According to a new Deseret News/KSL poll, if Donald Trump becomes the GOP nominee, the voters of Utah would opt for a Democratic candidate for the first time in over 50 years. Poll respondents said they would support either Hillary Clinton or Bernie Sanders over Trump, though Clinton was only two points ahead of Trump in the poll, falling within the margin of error (as opposed to the 11 points Sanders has over Trump). As many as 16 percent of respondents said they would skip the election altogether if Trump was the nominee. The survey also indicated that either John Kasich or Ted Cruz would defeat the Democratic candidate if they were nominated.
It’s only one poll, but that didn’t prevent it from shocking Chris Karpowitz, the co-director of Brigham Young University’s Center for the Study of Elections and Democracy. Said Karpowitz to the News, “I know it is early and these things can change. But the fact that a Donald Trump matchup with either Clinton or Sanders is a competitive race is a canary in a coal mine for Republicans.”
Let me lay down a million qualifiers here: Just one poll. Way, way early. Lots of undecideds – indeed, Clinton’s lead is 38-36, and you can guess what most of the others would do if all else where equal. The poll was conducted around the same time that Trump was trashing Mormons in general and Mitt Romney in particular, which strikes me as a damn fine way to alienate a lot of Utahans. So yeah, stock up on the salt for this one.
But it still makes one wonder, just what the Trump effect may be in various red states. Utah is one of the few places that can out-Republican Texas, after all. I’ll cop to being an eternal optimist, but according to RG Ratcliffe on Facebook, former Texas GOP Chair Steve Munisteri said on CNN that if Trump is the nominee, Texas could be carried by the Democrats. I’ll need to see a few poll results before I let myself get too irrationally exuberant, but let’s play with a few numbers and see what we can game out.
In 2008, some 3.5 million Texans voted for Barack Obama; in 2012, it was 3.3 million. In 2008, 4.4 million voted GOP, and in 2012 it was over 4.5 million. It’s my opinion that the GOP Presidential vote is close to maxed out, so let’s say 4.6 million as a starting point, with 3.5 million as a starting point for the Dems. Perhaps between the newly minted citizens and other efforts, perhaps boosted by Julian Castro on the ticket, Dems van boost themselves to 3.8 or 3.9 million. Let’s be conservative and say 3.8 million.
The big question then becomes, how many Republicans refuse to vote for Trump, and what do they do instead?

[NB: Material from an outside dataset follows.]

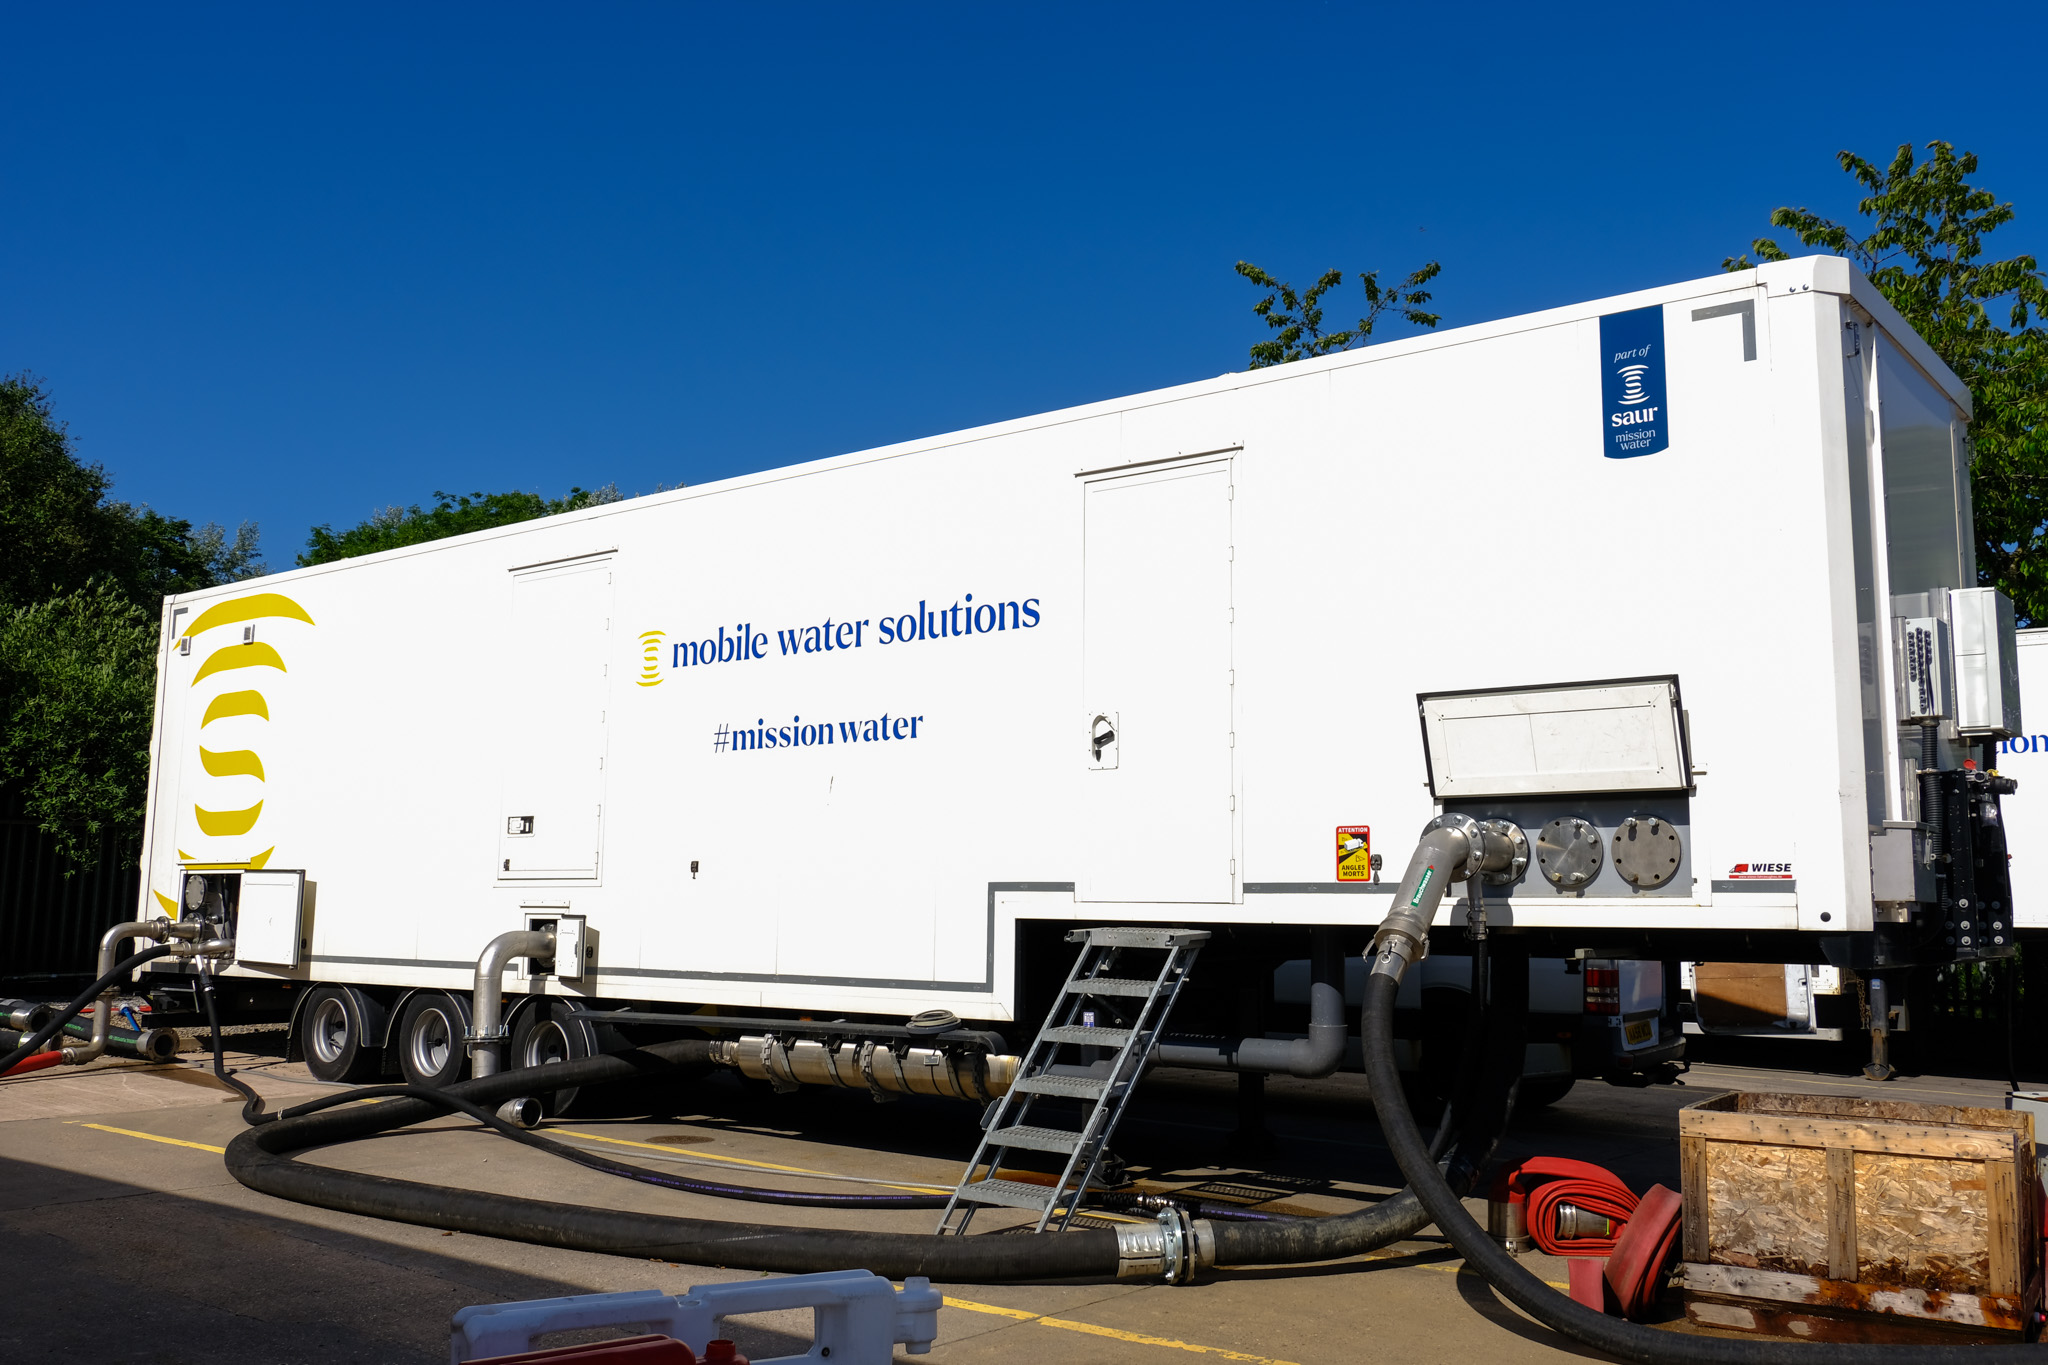 NSI Mobile Water Solutions | Water company | Water Treatment Plant | Water solutions for operators | water treatment technologies | Available for emergency calls 24/7 | Enhanced water management | industrial water treatment systems | Keep your production flowing | Easy integration to your plant | Talk to an expert today | Contact Us Today

Sit it out, vote Libertarian or a third party candidate (who will not be Rick Perry) if one can get certified for the ballot by May 9 (good luck with that), or *gag* vote for Hillary? Either of the first two reduces the R total, while the latter also increases the D number. If 400,000 Republicans – about nine percent of their total – skip the race or go third party, and another 200,000 go for Hillary, that gets us to a tie in my scenario. Millennial voters would apparently be likely to flip from R to D if the R is Trump.
How unlikely is my red-to-blue scenario? Probably pretty unlikely. But not impossible! When we finally get some November polling, we’ll see where on the impossible-to-unlikely scale it is. I should note that however you slice it, some number of Republicans would have to sit it out entirely and not just skip the top of the ticket for this to have a coattail effect downballot. The main ingredient to the Democratic legislative success of 2006 was unusually low turnout among Republicans. We’re now moving from “how many angels can dance on the head of a pin” to “are they two-stepping or polkaing” territory, so I’d better quit while I’m ahead. Bottom line is, I’d like to see some November polling, sooner rather than later. It may provide some good entertainment, if nothing else. Martin Longman, ThinkProgress, and Marc Campos, who is way more skeptical than I am of a Trump effect in Texas, have more.

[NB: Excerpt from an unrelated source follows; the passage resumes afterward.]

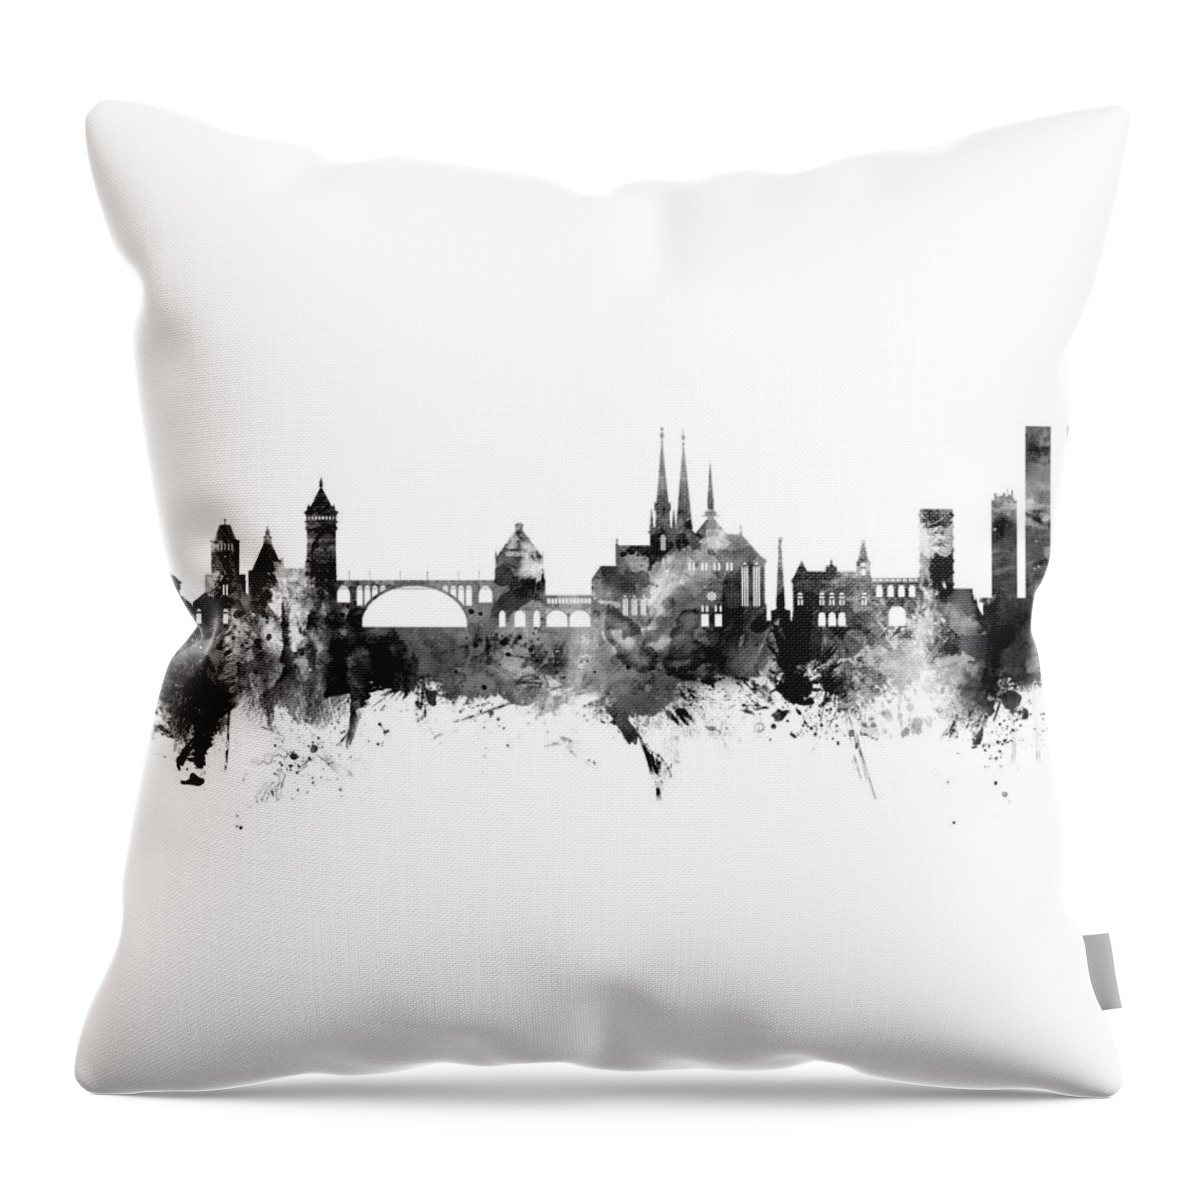 Luxembourg City Throw Pillow featuring the digital art Luxembourg City Skyline by Michael Tompsett

I have two things to say about this.
1. Mormon Republicans in Utah are not the same thing as Ted Cruz-ite Dominionists in Texas. Texas will be the last red state in the nation to go blue, behind either Mississippi or Kansas. It ain’t hap’nin in 2016.
2. UT/TexTrib/YouGov’s early polling — the only outfit likely to poll this early with any decent reputation, sorry Texas Lyceum — has a well-documented diminishing marginal utility comparable to a single sheet of your favorite bathroom tissue … moments before its first pass.
Utah will not vote Hillary over Trump even as flawed as he is. It is so far out, as you guys note that anything is possible. Trump is not a real person of conviction so I expect him to change his tune and run as a centrist in the general.
The consensus is that Trump’s lack of support in Utah (and, to a lesser degree, Idaho and Wyoming) has to do with his views on religious freedom and it being heavily populated by a religious group that is a minority religion on the national level.
Mormons may not necessarily agree with Hillary Clinton on the issues, but at least they can feel safe that she won’t ban their houses of worship, and that’s not something you can feel sure of with Trump.